Artur Neumann for JankariTech

Posted on Jan 14, 2020

performance testing with locust - 04 - interpret the results

#qa #performance #testing #python

In the last posts of this series we setup locust and made some basic performance tests to test the ownCloud WebDAV-API. This time we will try to make some sense of the locust output.

Here is the locust file we are using:

 from locust import HttpLocust, TaskSet, task, constant
import uuid

userNo = 0

class UserBehaviour(TaskSet):
    adminUserName = 'admin'
    davEndpoint = "/remote.php/dav/files/"
    fileName = ''
    userName = ''

    def on_start(self):
        #create user
        global userNo
        self.userName = "locust" + str(userNo)
        userNo = userNo + 1
        self.client.post(
            "/ocs/v2.php/cloud/users",
            {"userid": self.userName, "password": self.userName},
            auth=(self.adminUserName, self.adminUserName)
        )

    def on_stop(self):
        from locust.clients import HttpSession
        self.admin_client = HttpSession(base_url=self.client.base_url)
        self.admin_client.delete(
            "/ocs/v2.php/cloud/users/" + self.userName,
            auth=(self.adminUserName, self.adminUserName)
        )

    @task(3)
    def downloadFile(self):
        self.client.get(
            self.davEndpoint  + self.userName + "/ownCloud%20Manual.pdf",
            auth=(self.userName, self.userName)
        )

    @task(1)
    def uploadFile(self):
        if self.fileName == '':
            self.fileName = "/locust-perfomance-test-file" + str(uuid.uuid4()) + ".txt"
        self.client.put(
            self.davEndpoint + self.userName + self.fileName,
            "my data",
            auth=(self.userName, self.userName)
        )

class User(HttpLocust):
    task_set = UserBehaviour
    wait_time = constant(1)

To start ownCloud we have used docker: docker run -p 8080:8080 --name owncloud owncloud/server

and then started locust with: locust --host=http://localhost:8080

test the right thing

When I now run both ownCloud and locust on my workstation (i5-7500 CPU @ 3.40GHz; 8GB RAM) and hatch 100 locust-users I get this graph:

But now have a look at the CPU usage (on Linux the easiest way to see it is to use the top command)

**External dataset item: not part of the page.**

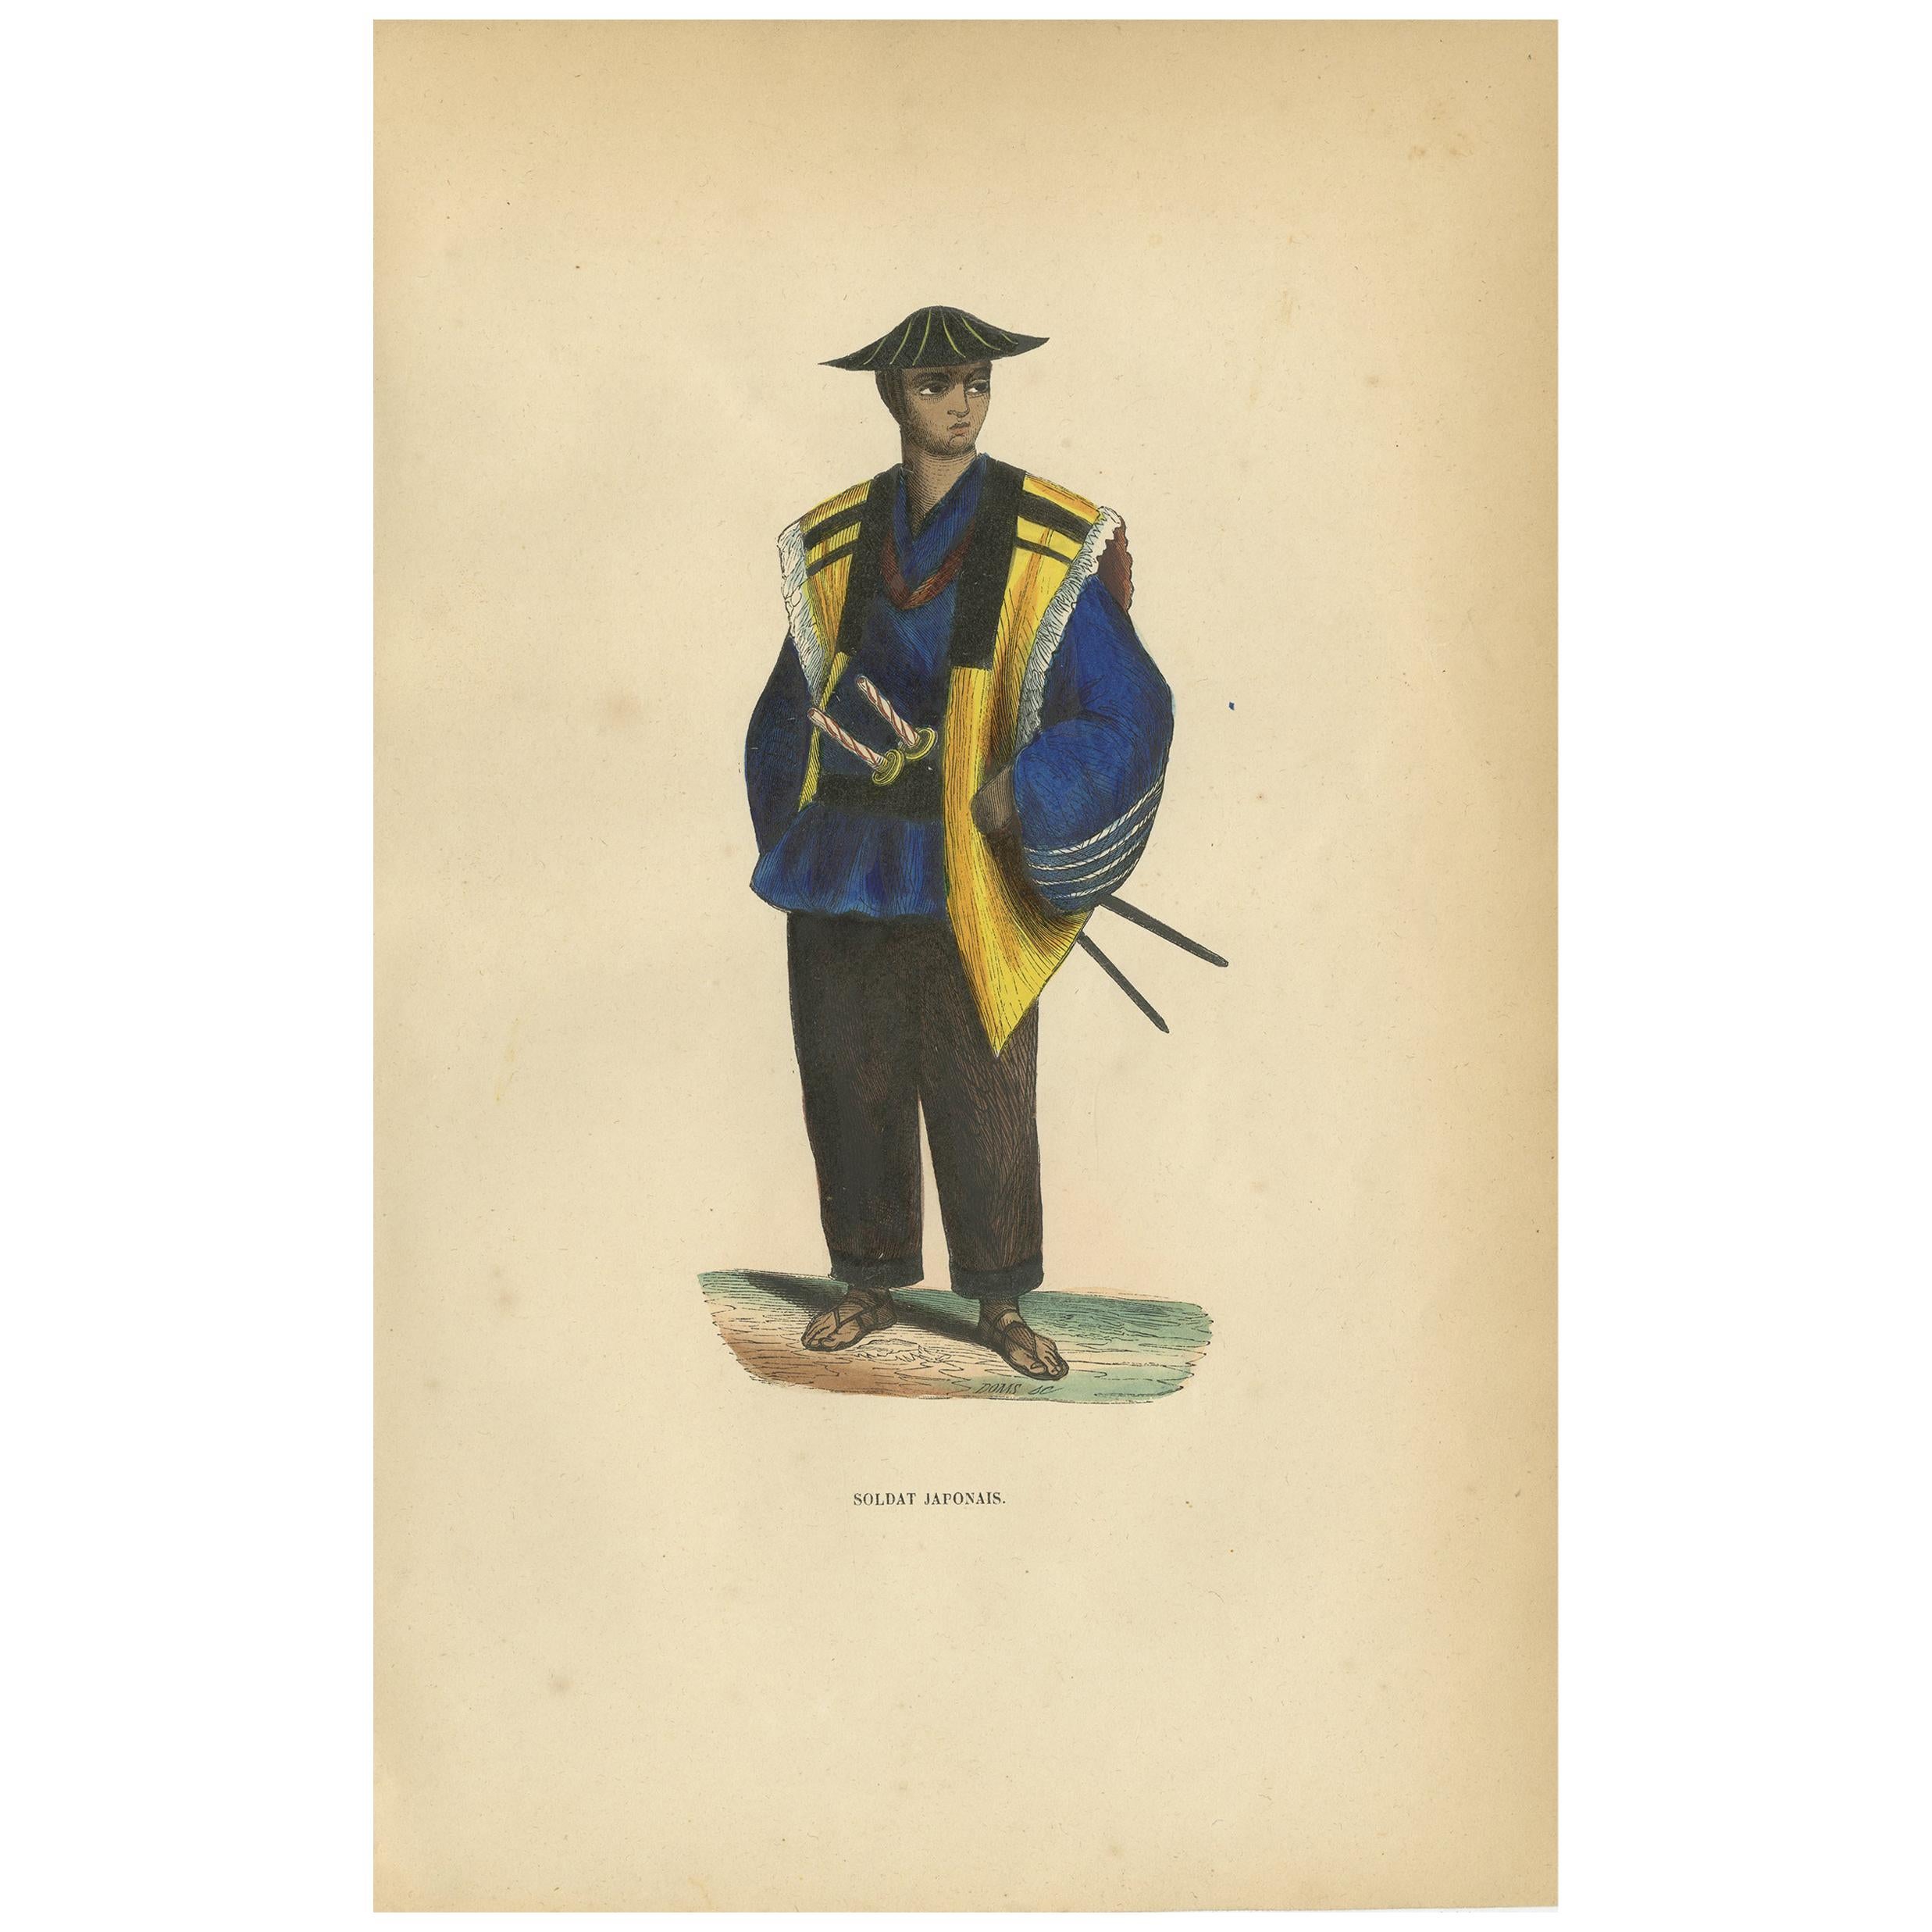 Antique Print of a Japanese Soldier by Wahlen, 1843

WOW, 61.7% CPU is used by locust itself. I'm not really testing the performance of ownCloud (or not alone). Beside locust gnome, X and Firefox are eating up a significant amount of resources, so the results will never be accurate. Better get some dedicated hardware to run ownCloud on.

I have here an old Lenovo X201 Laptop (i5 M 540 CPU @ 2.53GHz; 4GB RAM). Not really fast, but should be OK for this example. I will run ownCloud on that Laptop and locust on my workstation. That way hatching 100 users still eats up the same amount of resources on the workstation, but because its fast enough that should not be the limiting factor. We really don't want the test-runner computer to limit our performance tests. If you don't have a computer that is fast enough to fully load your SUT (System Under Test), you can run locus distributed and that way utilize multiple computers to fully load your SUT.

interpret the results

Lets start the tests and increase the amount of users.
I started the test with 20 users and 1 user/s hatch rate, then increased the users to 50 with 2 users/s hatch rate and finally to 100 users with 4 users/s hatch rate.

In the response-time graph the green line shows the median response time and the yellow one the 95th percentile (95% of the requests finish before that time).

To calculate the current response time a sliding window of (approximately) the last 10 seconds is used see: get_current_response_time_percentile function.

As you can see, the median response time goes up as we add more users. And there is a "bump" in the 95th percentile line every time new users are created. So it looks like user creation is "expensive". (The "bump" is also visible in the median-line, but not that obvious).

Rerunning the tests shows a similar result.

BTW: Because there is always other stuff happening on the server its always good to run performance tests multiple times and see if you get similar results.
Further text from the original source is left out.